Siempre me ha impresionado la radicalidad de los años cincuenta, una década en la que la juventud norteamericana decidió romper con el conservadurismo motivado por las dos guerras mundiales de principios del siglo pasado, las cuales asolaron la capacidad de decisión de aquellos chicos que mataban nazis a pesar de no tener siquiera la edad legal para beber.

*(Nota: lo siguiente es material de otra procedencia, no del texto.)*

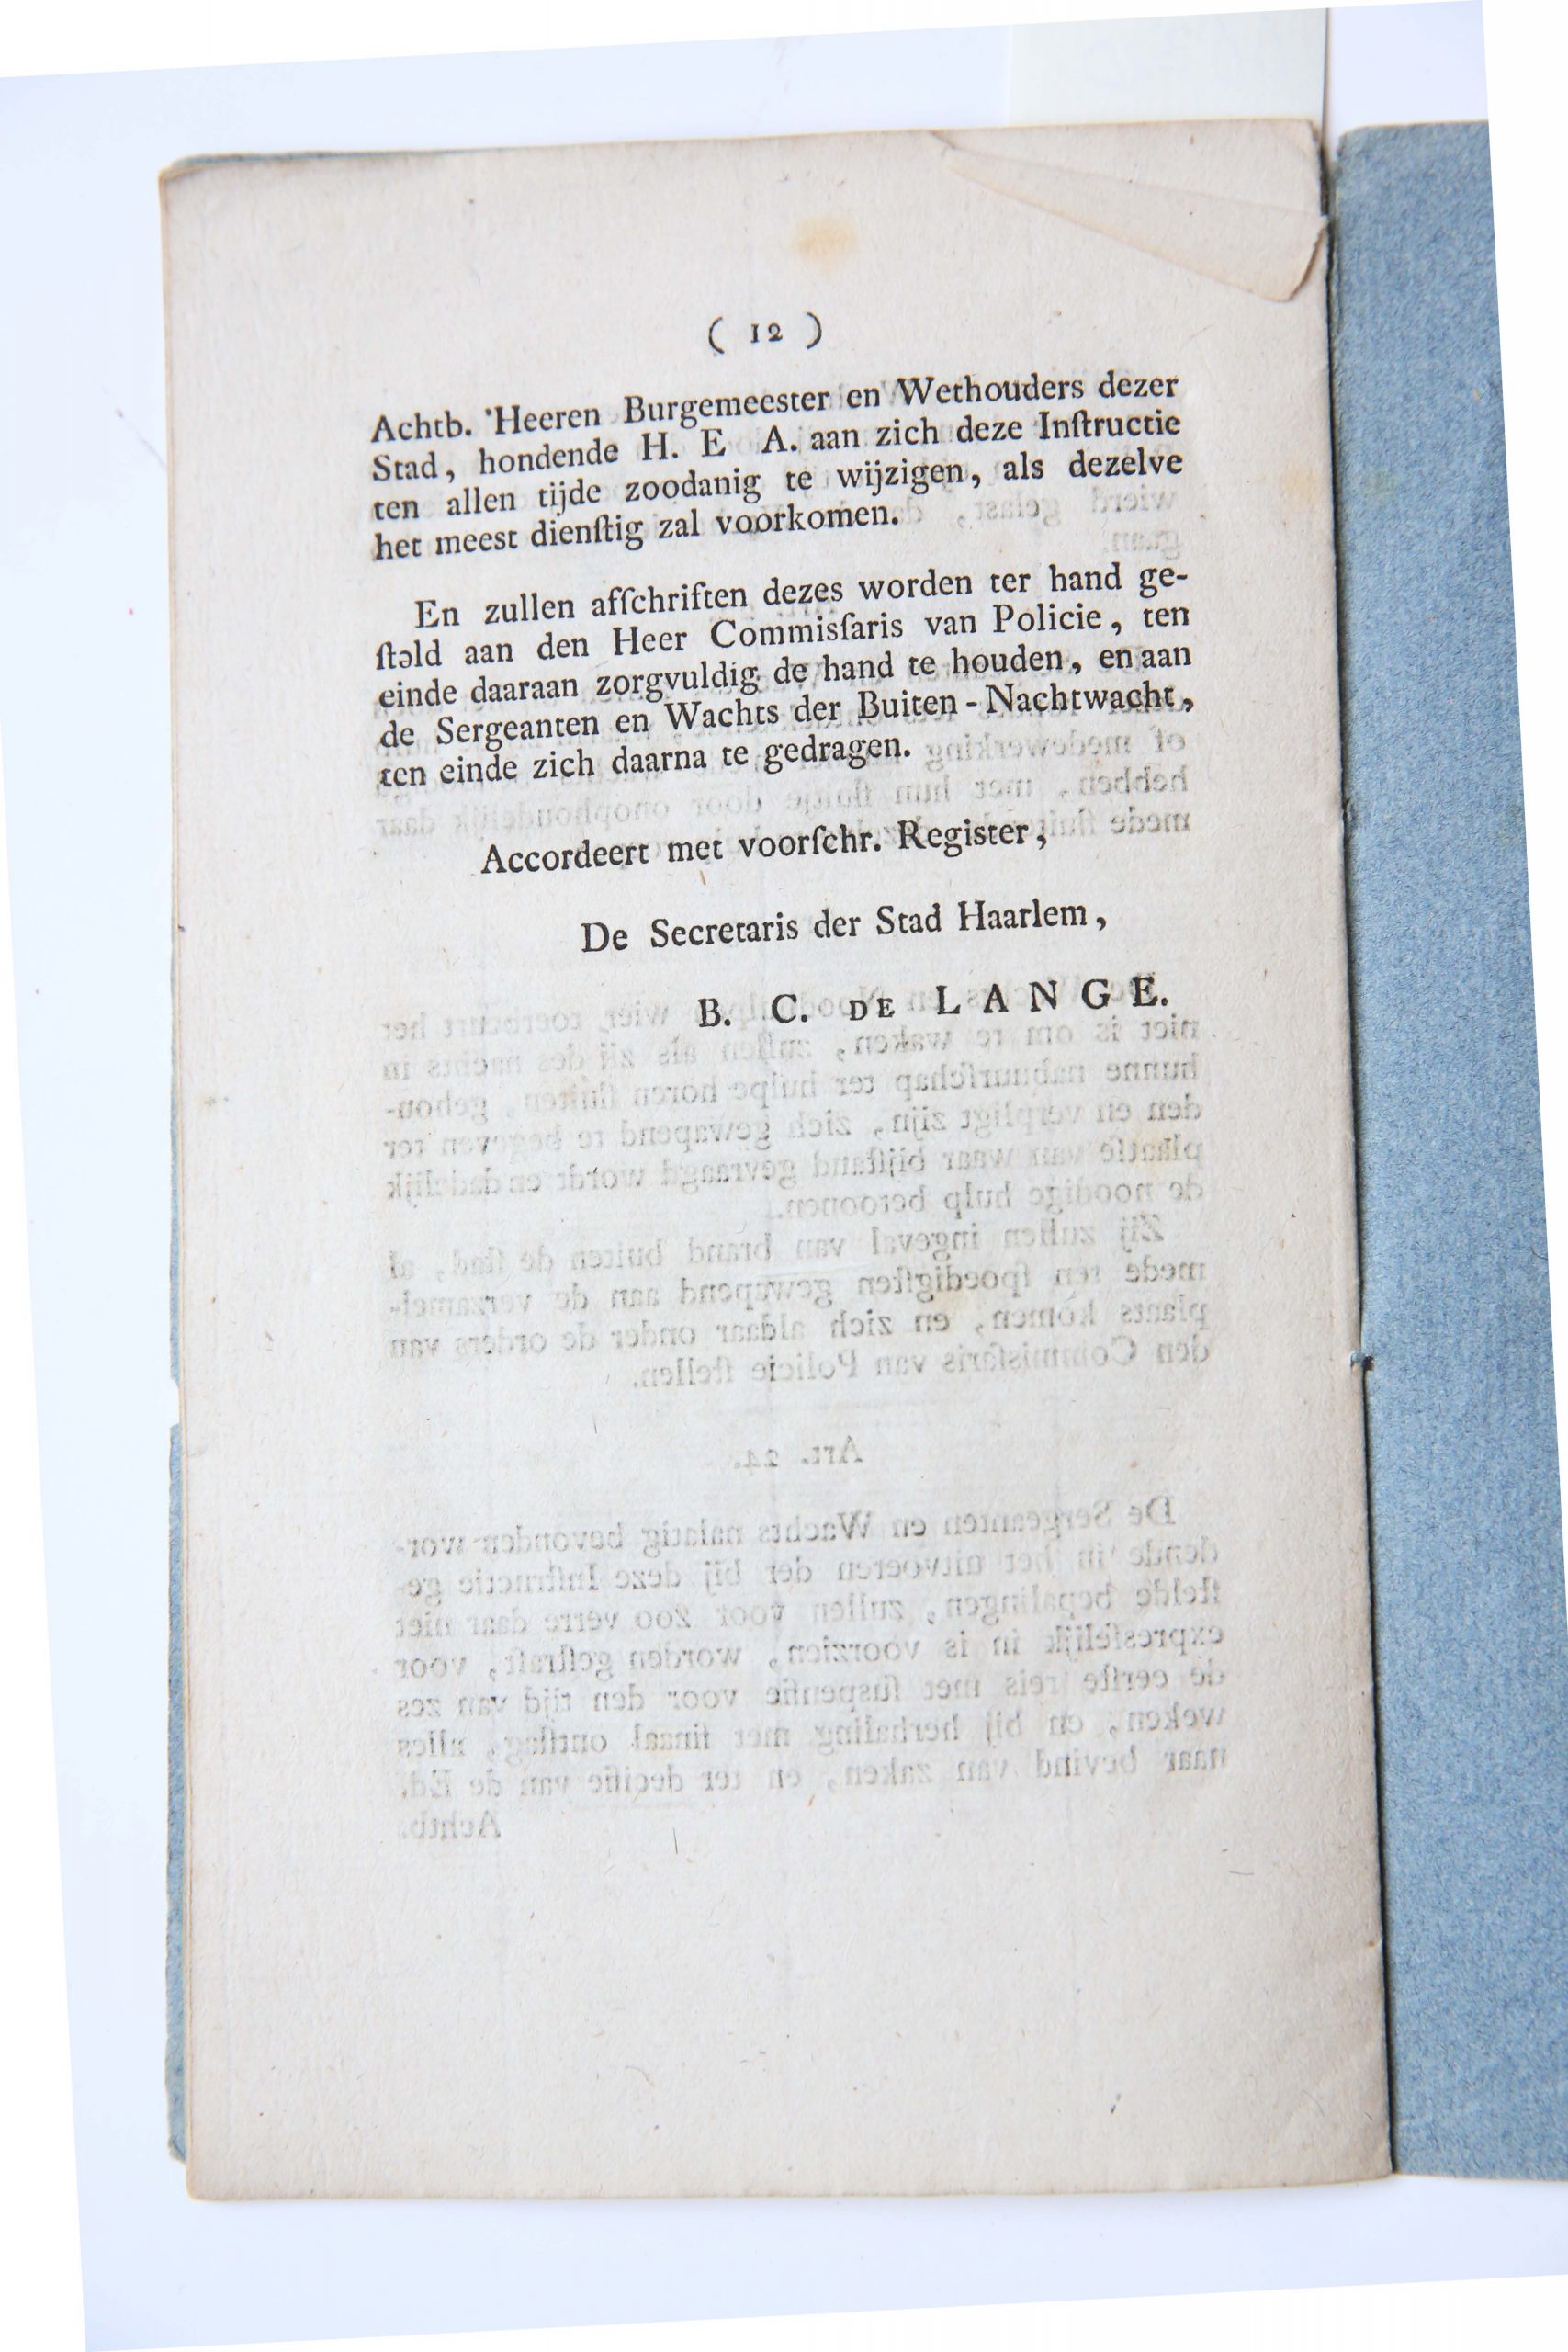 B.C. de Lange, Instructie voor de Nachtwachts in de buitenkwartieren der Stad Haarlem, Te Haarlem bij Johannes Enschedé en zonen, Stads-drukkers, [1825], 12 pp.

Toda esa frustración acumulada durante dos generaciones y escondida tras un desbordante patriotismo, generó un evidente rechazo de los adolescentes de los cincuenta al estilo de vida de sus suburbanos padres, desarrollando movimientos sociales directamente diseñados para negar los valores tradicionalistas estadounidenses y para hacer millonarios a los fabricantes de productos para el cabello.
Es en homenaje a esos tiempos de desenfreno y desprecio por la edad adulta que Randal Kleiser adapta Grease, el celebrado musical de 1972 creado por Jim Jacobs y Warren Casey, acerca del romance entre el chico malo más popular de una escuela llamada Rydell High y la más inocente y recatada de las alumnas que acuden al centro educativo.
Ñoñez es la primera palabra que inmediatamente podría asaltar nuestra mente al escuchar la sinopsis de este clásico del cine norteamericano, y en efecto, Grease es probablemente la ñoñez más divertida y mejor producida que he visto en mi vida.
Impregnada con la maravillosa estética de los años cincuenta, que junto con la forzada irreverencia adolescente de la época se convertiría en obsesión y musa inseparable de genios de la talla de John Waters, Grease es una fotografía invaluable tanto de la etapa histórica que parodia a lo largo de todo el metraje como de la industria fílmica de los años setenta, la cual, ignorante aún del poderío que implica manufacturar ídolos adolescentes, utilizó a actores que incluso llegaban a superar los treinta años de edad, disfrazándolos con cuidados peinados y toneladas de maquillaje.
Un veinteañero Travolta se enamora de la treintañera Olivia Newton John, en una fantasía adolescente plagada de canciones memorables que tomaron por sorpresa los top charts de música de la época y que aún hoy en día siguen implantadas en el cerebro de una juventud que poco tiene que ver con la que se refleja en pantalla, pero que alegremente corea todas y cada una de las canciones que aderezan las innumerables secuencias trascendentales de esta película, filmadas por uno de los genios del mainstream hollywoodense, Bill Butler.
¿Cómo olvidar esa brutal carrera a la Ben-Hur dentro de los canales de desagüe californianos, o ese interminable concurso de baile en el que Travolta exhibe una cadera que aparentemente tiene tres veces más articulaciones que las del humano común? Imposible, porque a pesar de su ligereza y su enorme simplicidad argumental, Grease es un hito innegable de la cinematografía norteamericana y uno de los filmes musicales más exitosos de todos los tiempos.